'Third world writings' trigger controversy in Kuvempu varsity

Syndicate members oppose inclusion of essays by Nandy, Sainath

'Third world writings' trigger controversy in Kuvempu varsity

Journalist P Sainath’s essay ‘Fear of Democracy’ and Ashis Nandy’s ‘Gandhi after Gandhi’ are prescribed for the sixth semester BA English optional students. ‘Fear of Democracy’ speaks of intolerance among the upper middle class in Mumbai towards dalits who assemble every year to celebrate Ambedkar Jayanti.

Sainath has made a passing reference in the article to then BJP-Shiv Sena government’s decision to drop over 1,000 cases related to atrocity against SC/STs in Maharashtra which has created displeasure among a section of Syndicate members of Kuvempu University.

In the Syndicate meeting held last month, Ashis Nandy’s article ‘Gandhi after Gandhi’ which is a satire on modern Indian politics, which has drifted away from Gandhian ideology, has also been opposed.

Syndicate members have expressed reservation against accommodating the works of Kannada writers like Girish Karnad and Vaidehi in the English literature syllabus. Even ABVP has submitted a memorandum to the Vice-Chancellor seeking withdrawal of ‘controversial’ texts from the syllabus.

Organisations like Karnataka Dalita Sangharsha Samiti and Bahumata Sanghatane have demanded the University to retain ‘Fear of Democracy,’ the essay which celebrates Dr Ambedkar’s personality.

Dalita Sangharsha Samiti  is of the opinion that ‘Fear of Democracy’ initiates a healthy debate on dalit issues and has said that efforts to withdraw the text from the syllabus will be protested.

Vice Chancellor Professor B S Sherigar sought the opinion from English Board of Studies over the issue. English BoS has decided to stand by the syllabus which has been okayed by academic council and was taught last year.

In the report submitted to the V-C on Wednesday, English  Board of Studies  has said that there is nothing objectionable as such in the syllabus and English literature need to mean the literature composed by Western authors. The V-C has said that the report will be tabled in the next Syndicate meeting.

‘Give us freedom’

Teachers of English literature in affiliated colleges of Kuvempu University are of the opinion that Syndicate has exceeded its brief by raising objection against the syllabus which has already been prescribed. “Teachers should have the freedom to design the syllabus and efforts to encroach the same is undemocratic,” they said.
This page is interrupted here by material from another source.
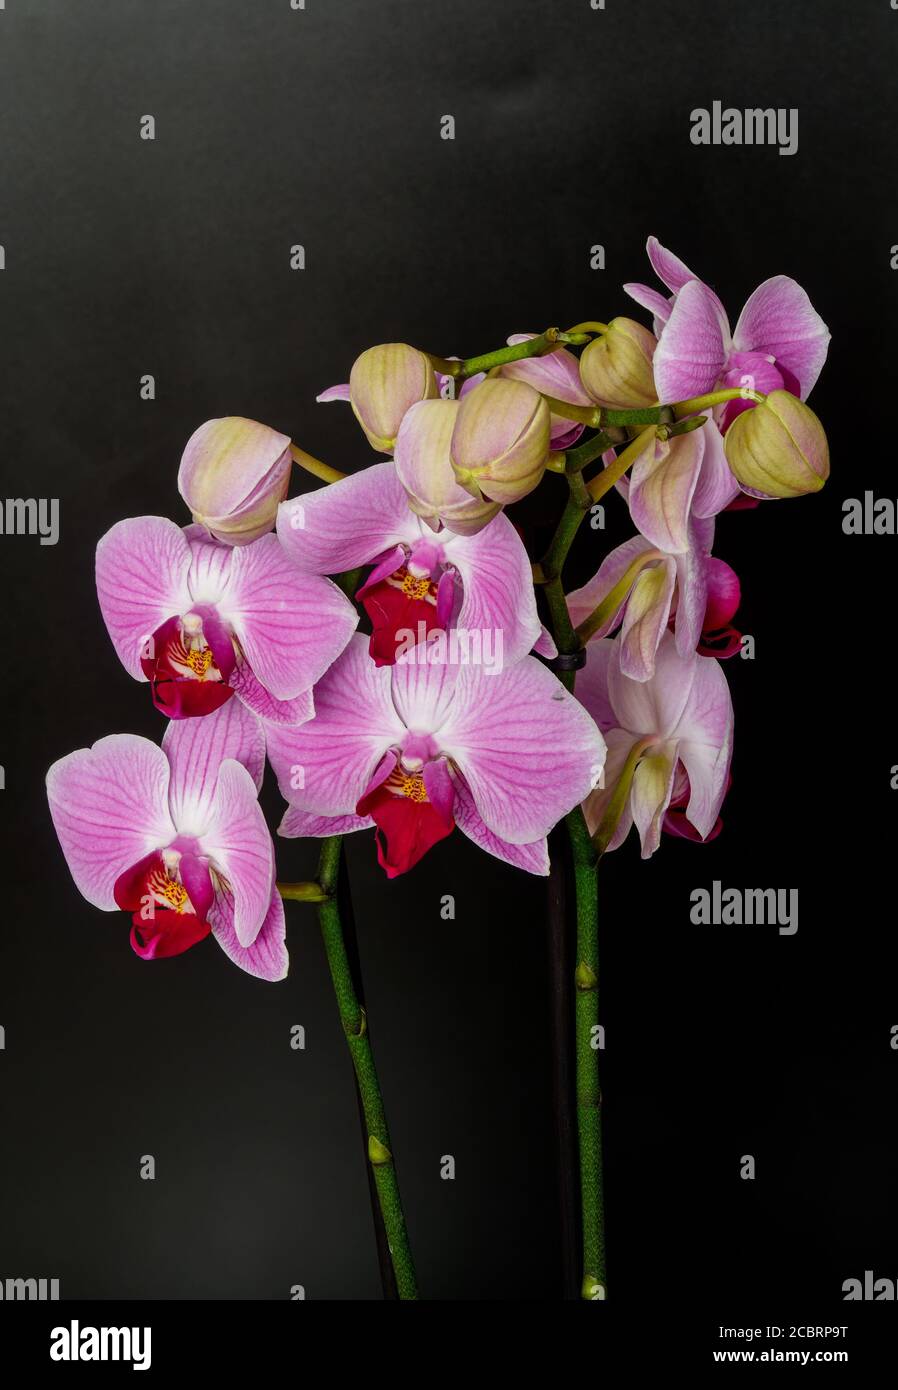 Phalaenopsis orchid on a black background photographed close up, in full bloom flowers and buds Stock Photo

Regarding the objection against prescribing the works of Girish Karnad, Vaidehi and other Kannada writers to English literature students, teachers said, “English language, the lingua franca has enabled us to enjoy the writings of African writers also. Booker and Nobel are no longer prerogative of Western writers. Mahashwethadevi received the highest civilian honour of France, and her works are studied in Western Universities.

Many Kannada writers were discussed in western academic circles also as their works were translated into English. It forms the obligation of the University to provide space for local writers and issues in the syllabus.”

“When inter-disciplinary and cross-cultural studies is the buzzword in the academic circles, it amounts to deceiving the students if we force them to study Victorian and Elizabethan literature,” they said.

The cultural, political and economic views of P Sainath, Ashis Nandy will sure enrich the sensibilities of students, they said.Syndicate member Dharmaprasad who opposed the syllabus in the meeting told Deccan Herald that some texts in the syllabus have derogatory remarks against BJP and Shiv Sena leaders.

“My objection is against such texts which were included in the syllabus by a few vested interests,” he said.